CLUSTER SAMPLING……. 21 Identification of clusters List all cities, towns, villages & wards of cities with their population falling in target area under study. Calculate cumulative population & divide by 30, this gives sampling interval. Select a random no. less than or equal to sampling interval having same no. of digits. This forms 1 st cluster. Random no.+ sampling interval = population of 2 nd cluster. Second cluster + sampling interval = 4 th cluster. Last or 30 th cluster = 29 th cluster + sampling interval

Difference Between Strata and Clusters 22 Although strata and clusters are both non-overlapping subsets of the population, they differ in several ways. All strata are represented in the sample; but only a subset of clusters are in the sample. With stratified sampling, the best survey results occur when elements within strata are internally homogeneous . However, with cluster sampling, the best results occur when elements within clusters are internally heterogeneous

Example. A statistician wants to determine the number of children per family in Tarlac City. To minimize the cost of selecting a sample, the statistician decides to divide the city of Tarlac into Barangays (clusters) and use the cluster sampling procedure to select the sample. A random sample of the Barangays are selected and every family on the Barangay are interviewed to determine the number of children in the family.

Multi-Stage Sampling It is done using a combination of different sampling techniques. Example. When selecting respondents for a national election survey, lottery method may be used to select regions and cities. Then, utilize stratified sampling to determine the number of respondents from the chosen areas and clusters.

Nonrandom SAMPLING A nonrandom sampling is used when the sample is not a proportion of the population and when there is no system in selecting a sample. This is often used by the researchers to elicit and gather quick responses for questions which do not require confidentiality. The researcher states prejudice in the choice of the sample giving the members of the population unequal chances to be selected.

TYPES OF NONRANDOM SAMPLING

Quota Sampling The researcher limits the number of his samples based on the required number of the subject under investigation. The population is first segmented into mutually exclusive subgroups, then judgement used to select subjects or units from each segment is based on the specified proportion. For example, an interviewer may be told to sample 200 females and 300 males between age 45 and 60.

Convenience Sampling The researcher conducts a study at his convenient time, preferred place, or venue. It is the most convenient and fastest sampling technique that make use of telephone, mobile phones, or the internet. It simply uses results that are readily available.

Purposive Sampling It is used in very small sample sizes. Choosing samples is based on a certain criteria and rules laid down by the researcher. For example, this can be used if the sample of the study are deans of universities or area managers of certain institutions. Since the different random sampling techniques were presented, the next thing to be determined is the sample size.

Which is which? Identify which sampling technique was used in the following situations?
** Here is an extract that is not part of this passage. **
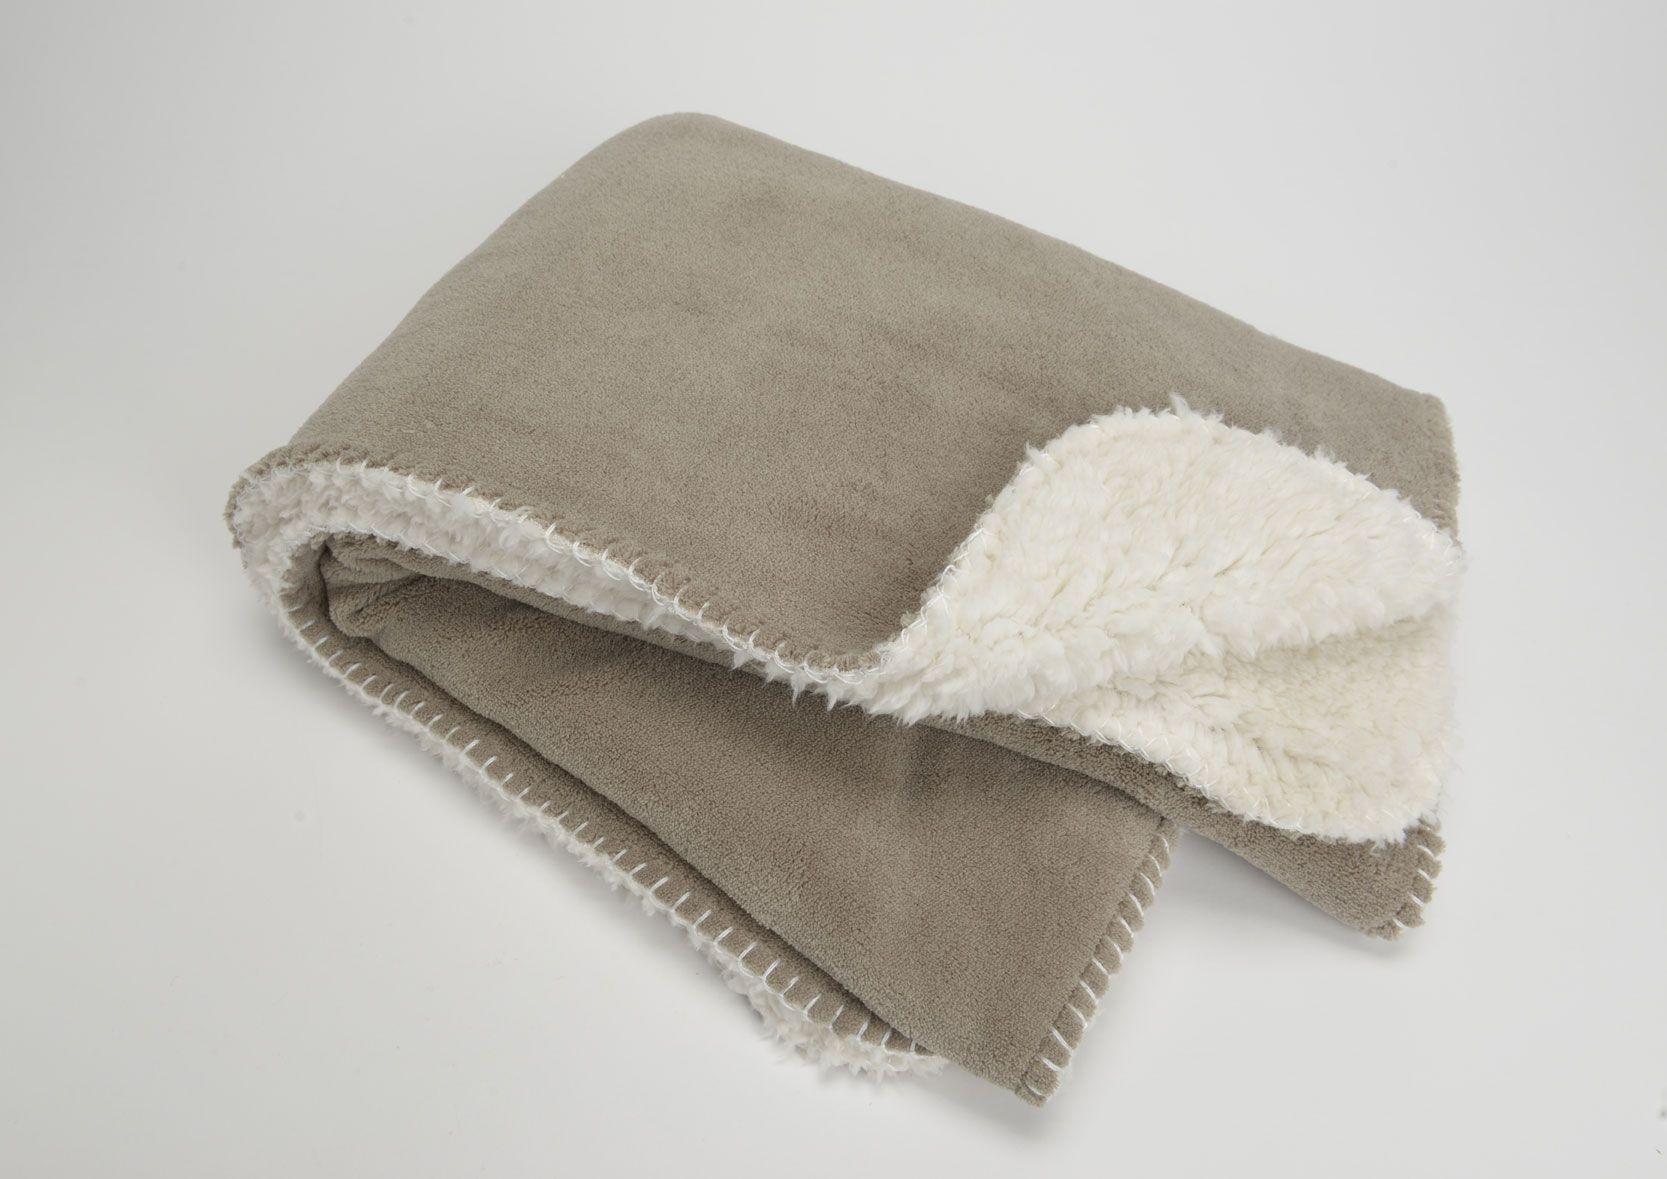 plaid cocoon couleur taupe. Black Bedroom Furniture Sets. Home Design Ideas

A group of test subjects is divided into twelve groups; four of the groups are chosen at random. Cluster Sampling

A market researcher polls every tenth person who walks into a store. Systematic Random Sampling

A computer generates 100 random numbers, and 100 people whose names correspond with numbers on the list are chosen. Simple Random Sampling/Lottery Sampling

The first 50 people who walk into sporting event are polled on their television preferences. Quota Sampling

A researcher conducted his survey by randomly choosing one town in the province of Tarlac by using a fishbowl and then randomly picking 40 samples from that town. Multi-Stage

A researcher conducted his survey by choosing 40 persons he knew. What sampling method that the researcher used? Convenience Sampling

A study was done to determine the age, number of times per week and duration of residents using a local park in Victoria, Tarlac. The first house in the neighborhood around the park was selected randomly, and then the resident of every eight house in the neighborhood around the park was interviewed. What sampling method was used? Systematic Random Sampling

In most applications of Statistics, researchers use a sample rather than the entire population since it is usually impractical or impossible to obtain all the population observations or measurements; thus, sample information are used to estimate the characteristics of a population. That is, the use of a statistic to make inferences about the corresponding population parameter is being done.

A statistic is a number which describes a characteristic of a sample. It can be directly computed and observed. It serves as estimator of the population parameter. A parameter is a number which describes a characteristic of a population. While statistic can be directly computed and observed, the value of a parameter can be approximated and is not necessarily equal to the statistic of a sample.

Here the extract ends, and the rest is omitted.